Тео ушам своим не поверил. Мередит вечно корила его за холодность и расчетливость — посмотрела бы она на эту парочку! Хранители культуры! Гиены, снующие по полю побоища!

Хорошо еще, что он им про свитки не рассказал. Не их это дело. Вот погодите, получит он финансовую независимость и уж тогда объяснит им, куда они могут засунуть их драгоценный Институт.

Тео, сидевший посреди своей омерзительной новой квартиры, снова откинулся на спинку кресла и оно опасно скрипнуло. Ничего, скоро он купит кресло превосходного качества, точно такое же, какое зажала Мередит. Скоро он сможет купить все, что захочет. В том числе, и «Алка-Зельцер». Вообще говоря, «Алка-Зельцер» было бы неплохо купить сию же минуту, да вот магазины все уже позакрывались. Висевшая в ванной аптечка была пустой, если не считать пузыречка со смывкой для маникюрного лака, свидетельства щедрости квартирной хозяйки. А венчалось все тем, что стены квартиры были окрашены в оранжевый цвет. Ради всего святого, ну кто красит стены оранжевой краской? Японские наркоманы? Одуревшие от брошюрок «Нью-эйдж» массажистки-любительницы? Пожилые голландские педерасты? Не удивительно, что квартирка сдается за такие малые деньги. Причина не в сломанной микроволновке и работающем с перебоями душе. В оранжевых, мать их, стенах.

Он глубоко вздохнул и приказал себе успокоиться. Закурил сигарету, повернувшись спиной к свитку, — не хватало еще, чтобы случайная искра пролетела по воздуху и спалила все его будущее. Затянулся отдающей ментолом отравой, выпустил струю дыма в оранжевую стену, затянулся еще и выпустил другую. Курил он торопливо, без всякого удовольствия, как будто стоял на автобусной остановке, имея в своем распоряжении лишь пару секунд, чтобы прикончить сигарету и заскочить в автобус, пока тот не укатил без него. А закончив, воткнул окурок в недоеденную пиццу и оставил его торчать из «моцареллы».

Из колонок компьютера лилась музыка его драгоценной копии «Звездных краев» Джона Колтрейна — эфирного эквивалента мочи, которой собака помечает новую свою территорию. Никакой дом не становится домом, пока Колтрейн не оросит его звуками саксофона. Правда, «Звездные края» были увернуты почти до беззвучия — из страха побеспокоить соседей, которые этим вечером представились ему, поднеся в подарок печенье. Словно желая сказать: «Вы же не обратите в ад жизнь людей, которые угостили вас печеньем, верно?». Безумные саксофонные импровизации Трейна, соединяясь с урчанием вентилятора ПК, создавали отчасти нудный гибрид, способный, однако ж, сойти за окружающую среду.

Может, лечь спать? Но тут Тео вспомнил, что одну ночь в этой квартирке уже провел, и она ему не понравилась. Кровать поскрипывала при каждом его повороте с боку на бок. Мередит в ней отсутствовала, простыни были слишком новыми. Спальня маленькая, а на потолке ее горит промигавшая всю ночь красная лампочка — часть навязанной ему системы безопасности. Лампочка была подобием залетевшего в комнату насекомого: Тео так и подмывало встать и прихлопнуть ее.

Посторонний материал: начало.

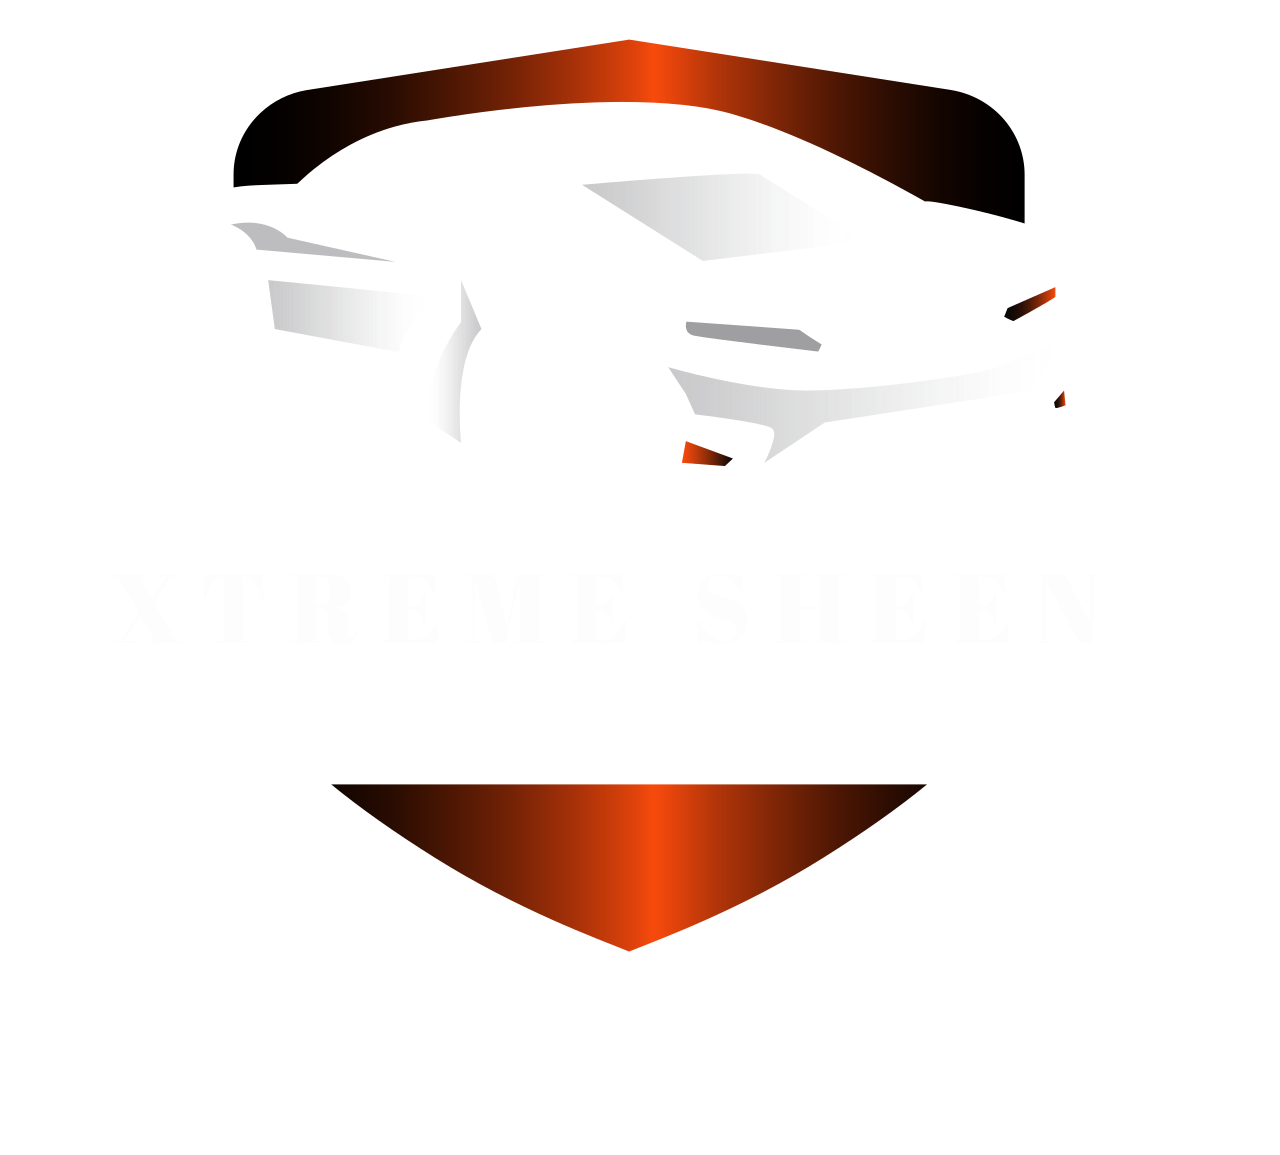   Xtreme Sheen's logo

В этой квартирке с ее неудобной постелью, чужим светом и оранжевыми стенами трудно было сохранить веру в то, что скоро у него появятся деньги, которых хватит на покупку какого угодно дома, и в каком угодно месте. А ему нужна эта вера. Он не должен забывать, что свитки — историческая реликвия, равноценная пирамидам. Да! Пирамидам! Вот здесь, на его столе лежит, придавленное четырьмя чашками чудо древности. Родосский колосс, храм Артемиды, висячие сады Вавилона — все они разрушены и обратились в миф, а свитки… свитки вот они, здесь и принадлежат ему.

И все же, пока их баснословная ценность не признана другими, свитки остаются лишь частью содержимого его квартиры, такой же, как пустая коробка из-под пиццы и барахлящий «Уолкмен». Тот ослепительный, эйфорический миг открытия, когда Тео впервые увидел их на полу Мосулского музея и будущее его вдруг озарилось блеском предвкушаемой славы, теперь потускнел. Любовь с первого взгляда — штука недолговечная. Он увидел свитки, он присвоил их, и что дальше? Задача обращения их в блестящее будущее, оказалась более мудреной, чем он полагал.

Конечно, его открытие заинтересует миллионы людей. Но сам-то он продавать свитки этим миллионам не сможет. Что он сможет продать, так это перевод написанного Малхом с арамейского на английский, и вот тут-то Тео и постигала неуверенность в себе. И дело было не только в том, что проза Малха оказалась скучной до невероятия.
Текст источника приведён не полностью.